Read this book if you want a good laugh, but don't waste your time getting angry about this "letter": get angry at what really happened over 300 years of American history.

Rating: 3
Summary: False, True; Helpful, Yes
Comment: It is true that there is no actual evidence of the existence of this letter, however that does not mean we can't critique the "spirit" of the so called Willie Lynch Letters. For example, we can use the essence of the Willie Lynch Letters to examine how it can be juxtapose with the Declaration of the Rights of Man-1789 or how it compared with the ideas and attitudes of the Virginia Legislature of the era. It can even be used to dissect European cultural thought and behavior.

Although this letter in actuality is quite possible false, it can be a helpful tool if used in the proper context.

Rating: 1
Summary: Fiction passing as fact
Comment: It's really sad that so many African-Americans not only beleive this "urban legend" (to put it in decent language), but that so many seem not to care that it is not really true.

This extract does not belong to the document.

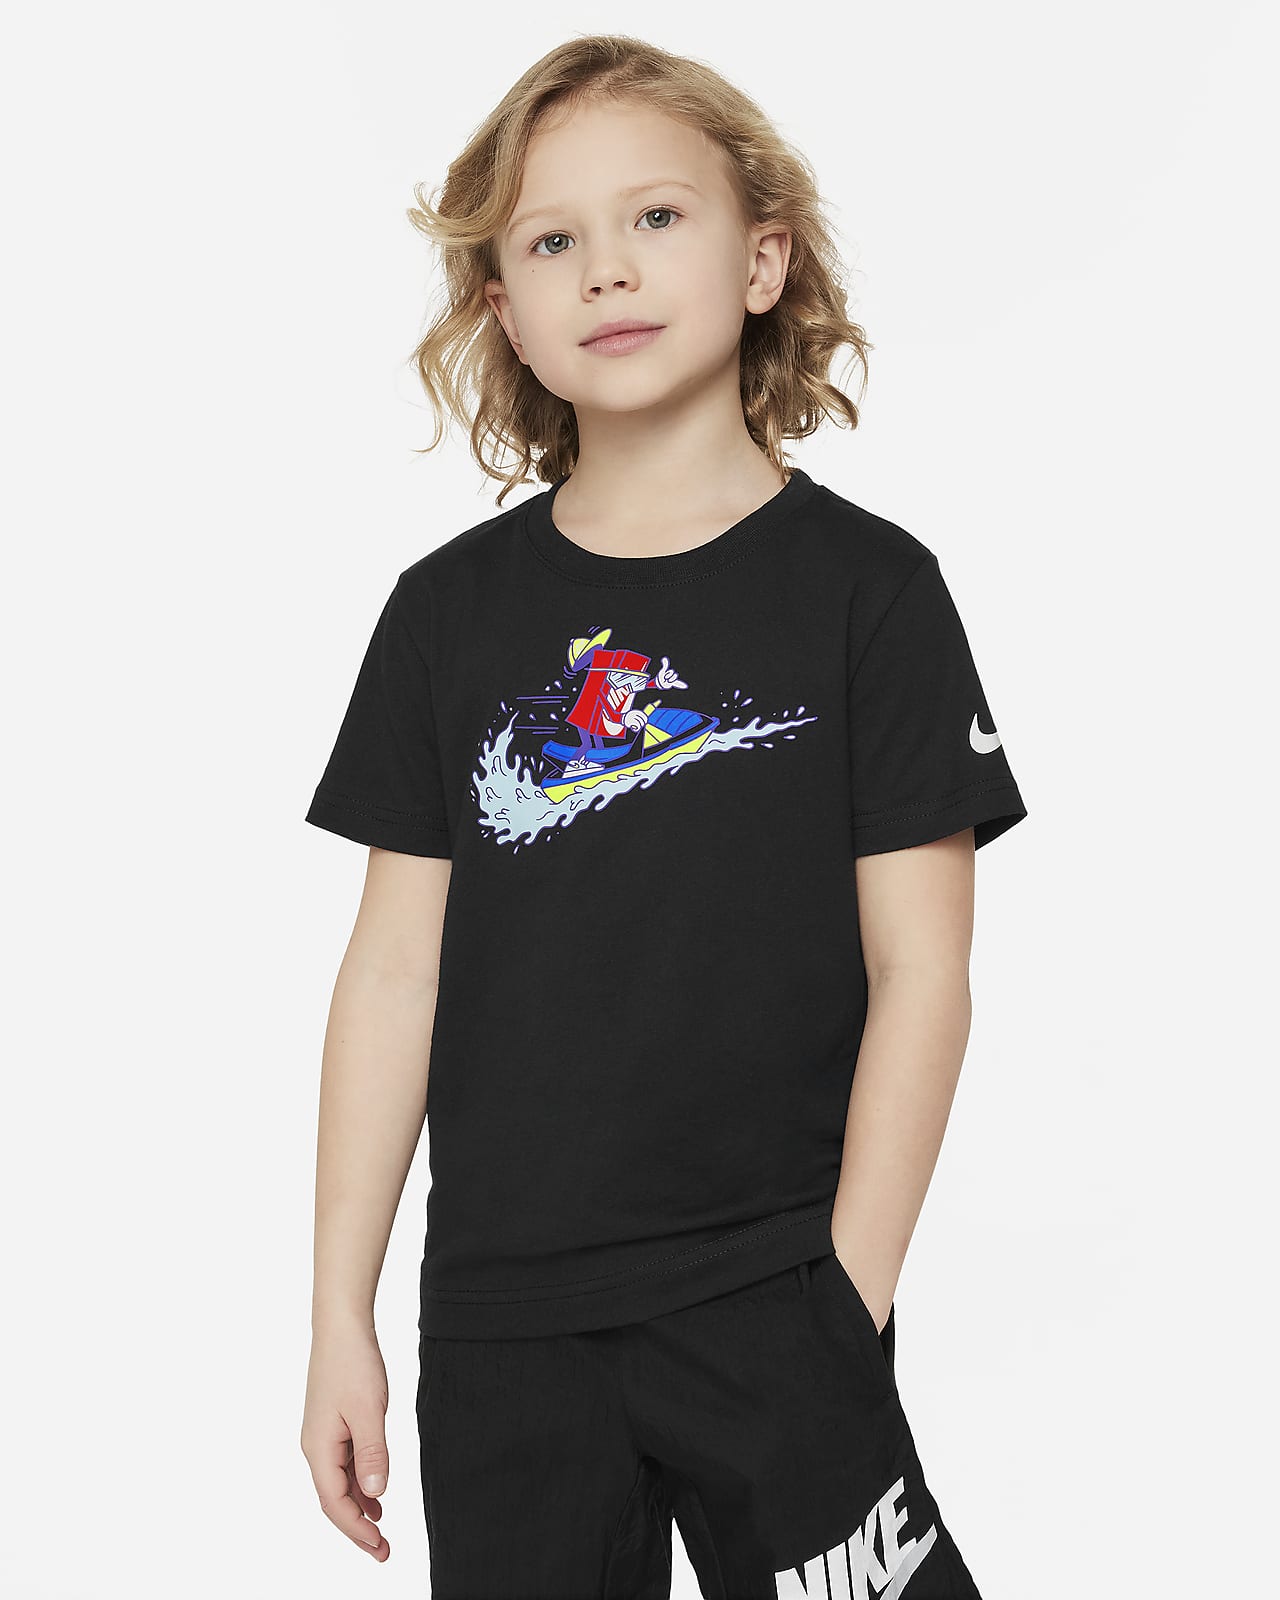 Volné tričko s vodním skútrem Nike pro malé děti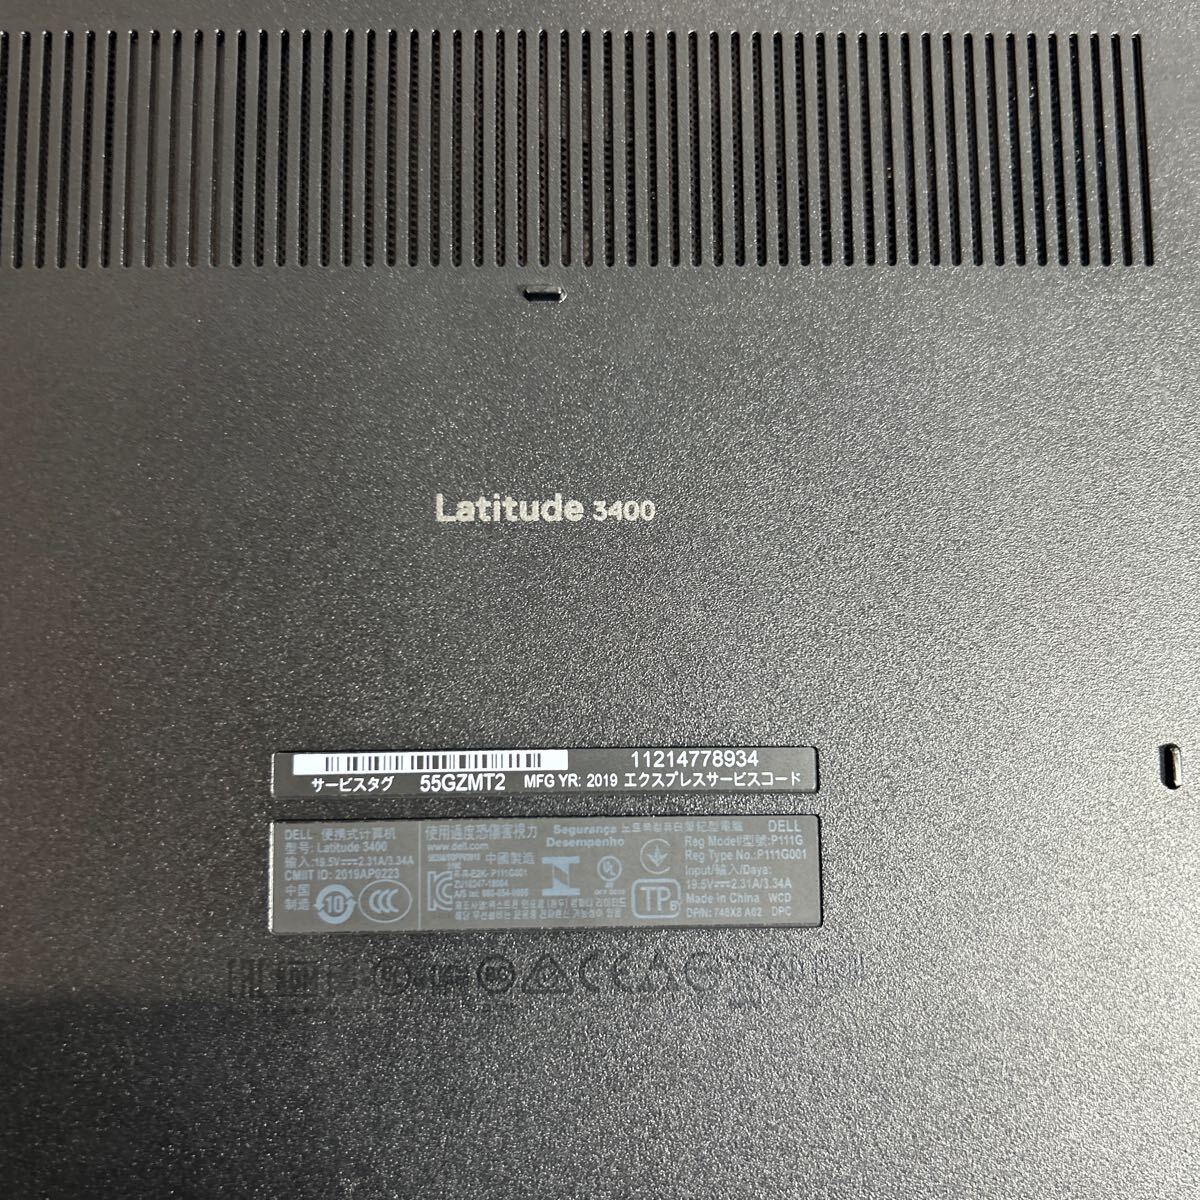 【ジャンク品】DELL デル ノートパソコン latitude3400 Intel Corei3初期化未実行 動作通電未確認 本体のみ 電源コードなし (8)の画像4

Anyone who does not care about the truth is in big trouble. For the record, the "Willie Lynch" letter was actually a recent creation, as evidenced by the language used. It was actually created in 1993 as a chain letter which spread like a bad disease throughout Black America. Research indicates that it was "loosely adapted" (to put it nicely) from a section of Anatoli Vinogradov's fictional 1935 novel "The Black Consul" that dealt with Napoleon's supposed plans to divide and conquer the Haitians during the Haitian revolution.

We Black scholars and professional historians should take this as a wake up call to get out of the ivory tower and teach the masses REAL Black history to keep them from being misled by the clever crackpots who collect cash by confusing the credulous. The REAL story of the damage done to Blacks from slavery may be found in actual slave narratives like "The Life and Times of Frederick Douglass," and detailed studies by legit scholars such as Carter G. Woodson's "Miseducation of the Negro" and Kenneth Stampp's "The Peculiar Institution."